**RAW DATA**
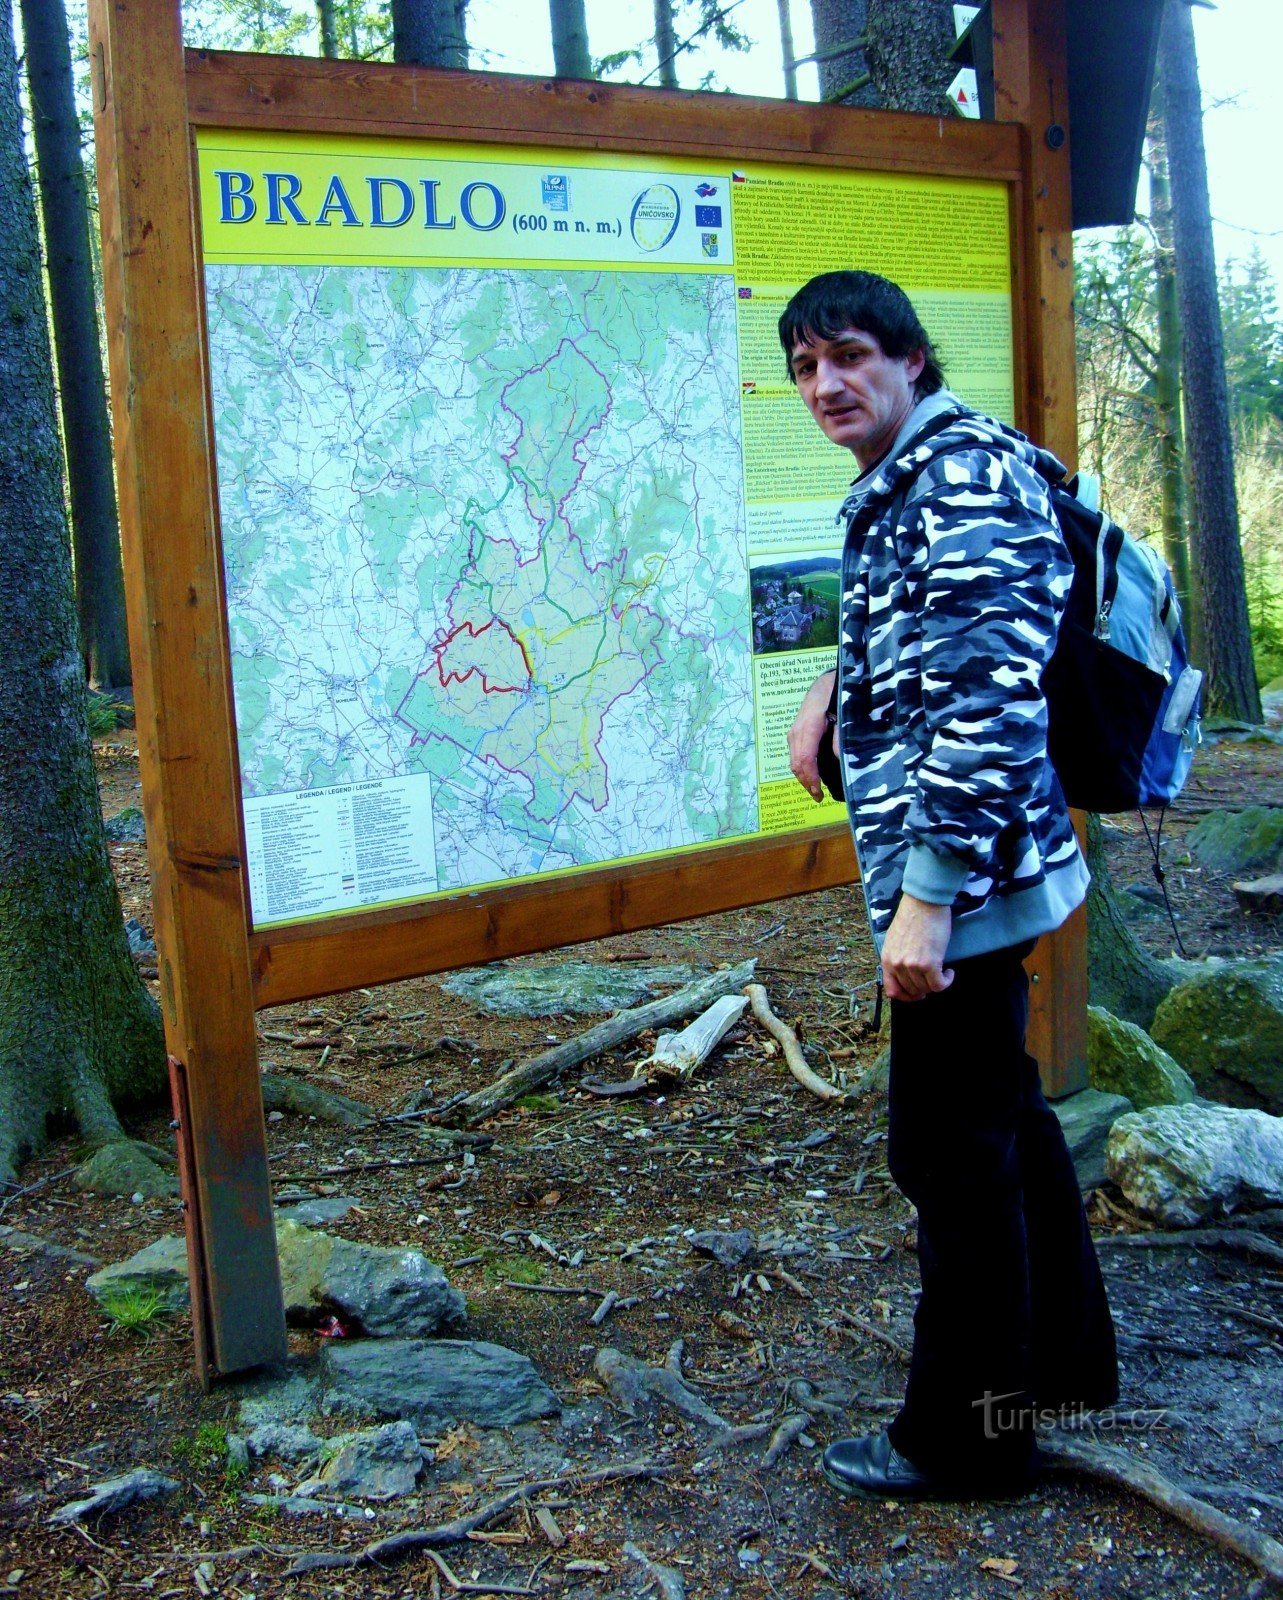 Excursão via Bradlo a Brníček
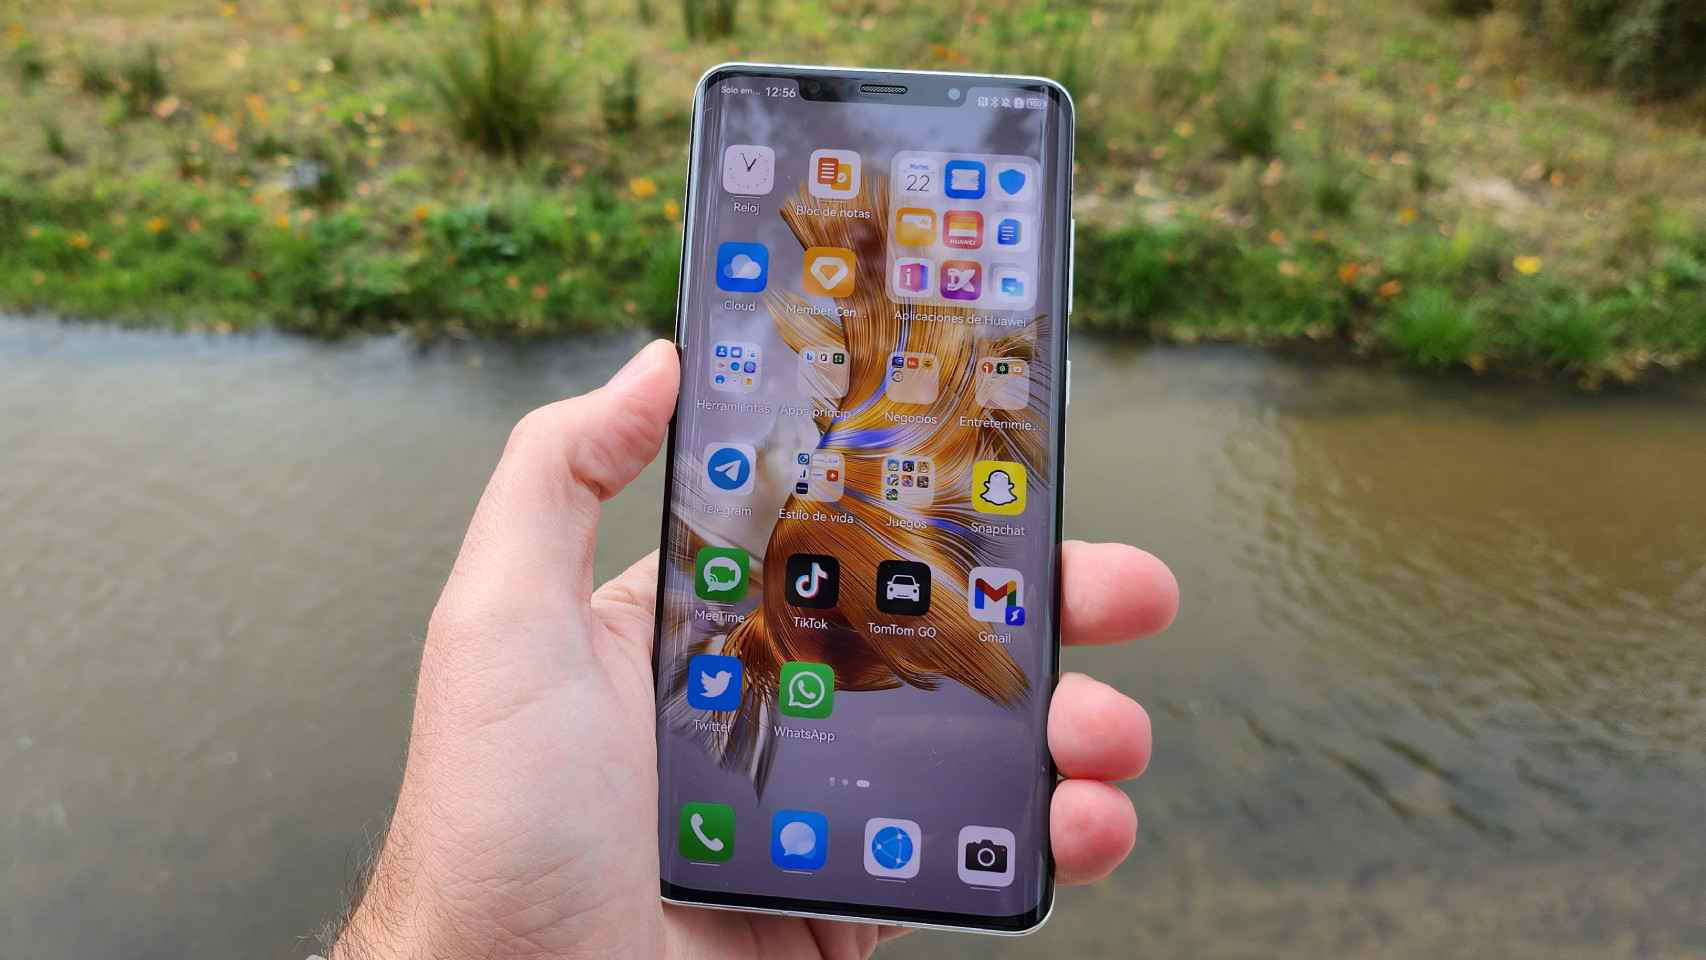 Los móviles Huawei no podrán usar apps de Android: el brutal cambio que se  acerca
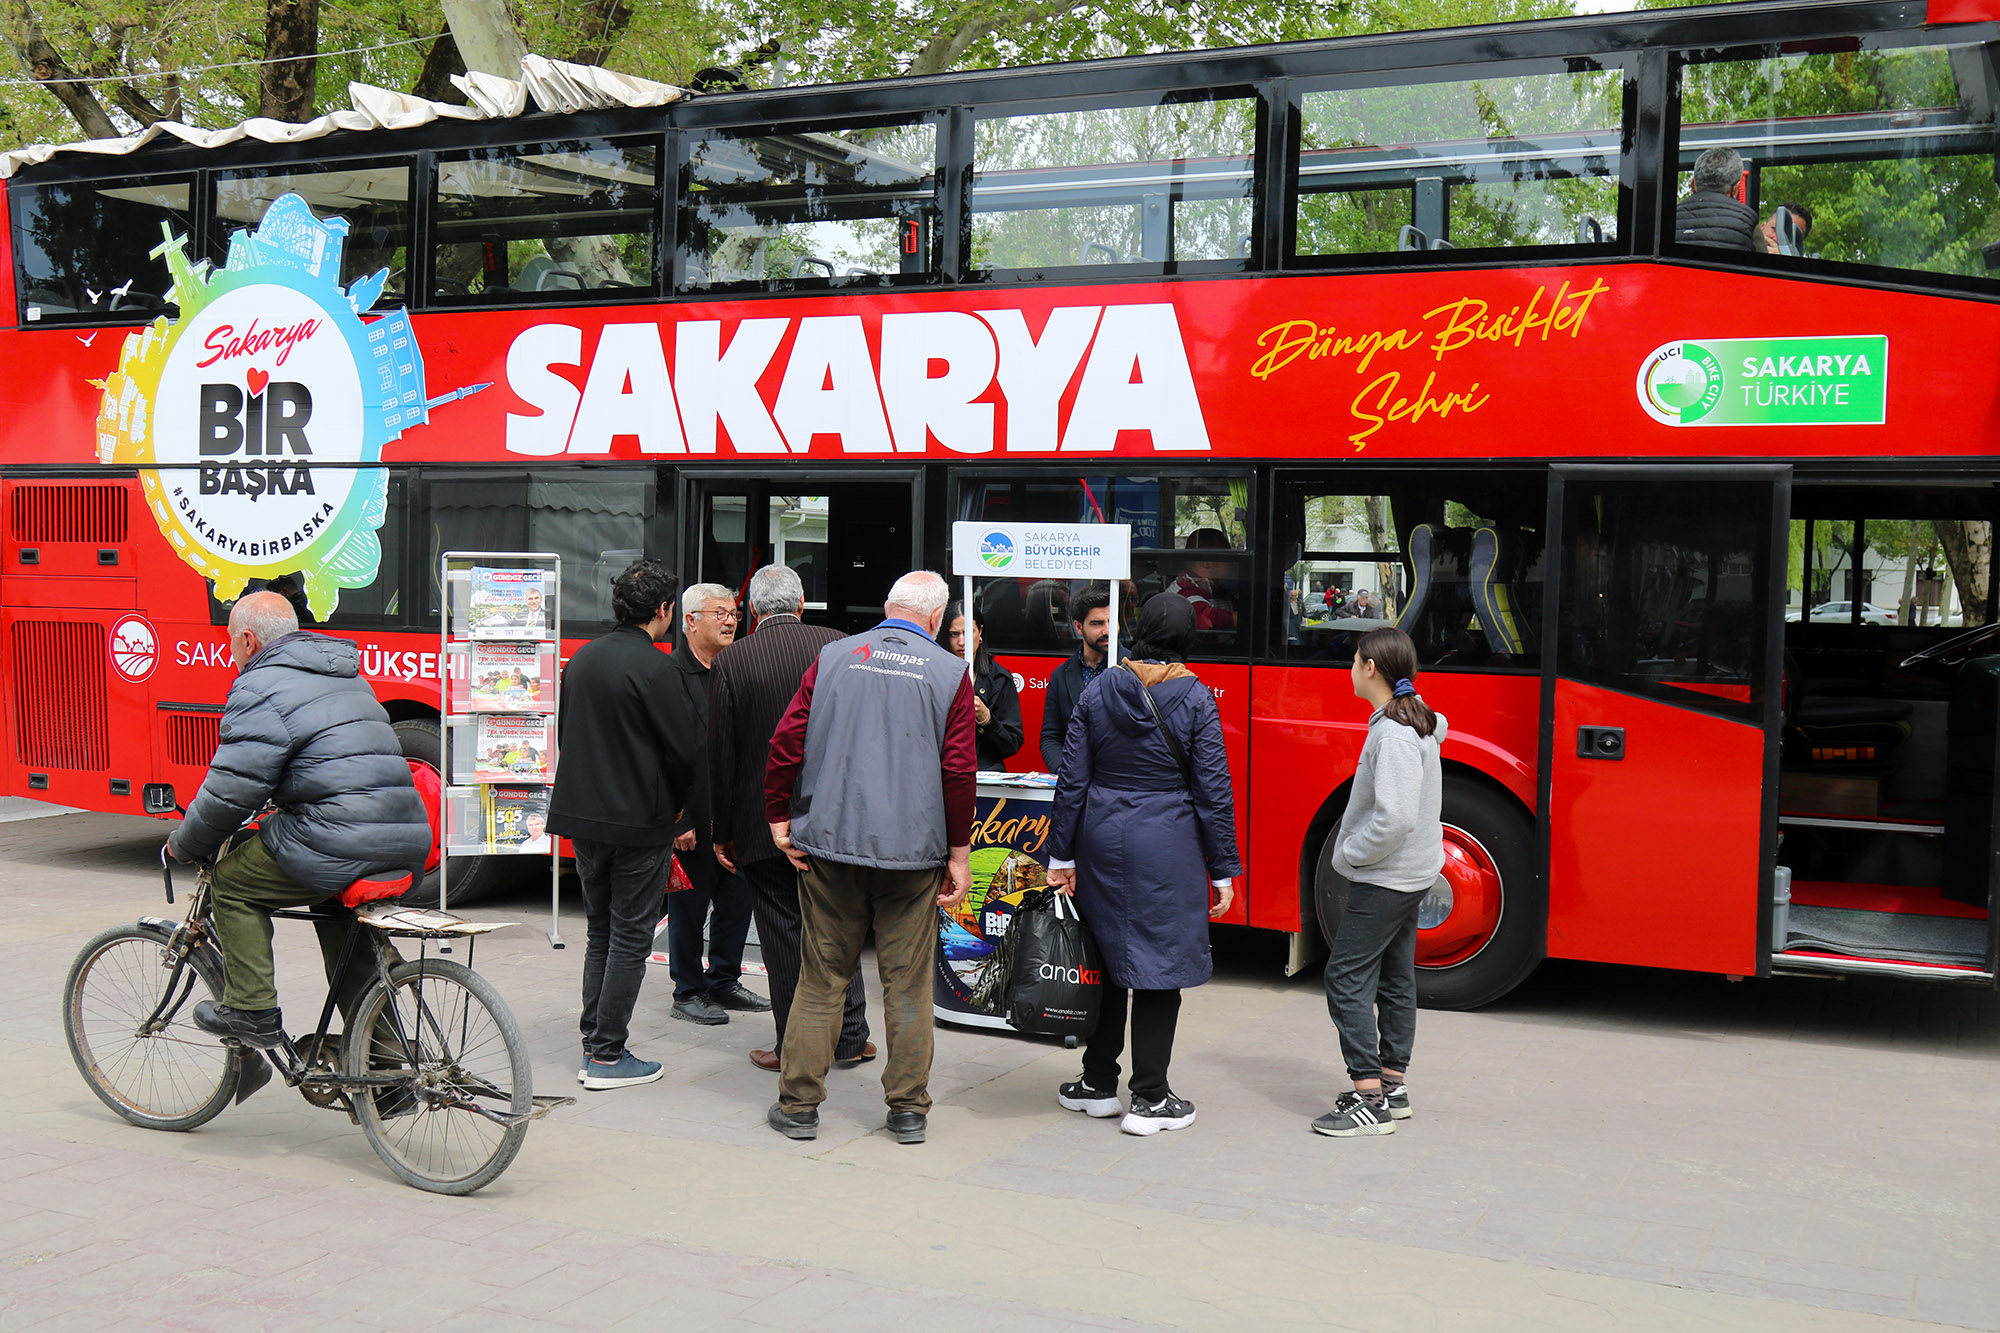 Büyükşehir’in üstü açık otobüsü bayram sonrası yola çıkıyor

**TASK REQUIREMENTS**
The expected answer is the lines from the one that has "Los móviles Huawei" to the end of the listing, transcribed exactly, with pictures left out and no other line added.

**OUTPUT BELOW**
 Los móviles Huawei no podrán usar apps de Android: el brutal cambio que se  acerca
 Büyükşehir’in üstü açık otobüsü bayram sonrası yola çıkıyor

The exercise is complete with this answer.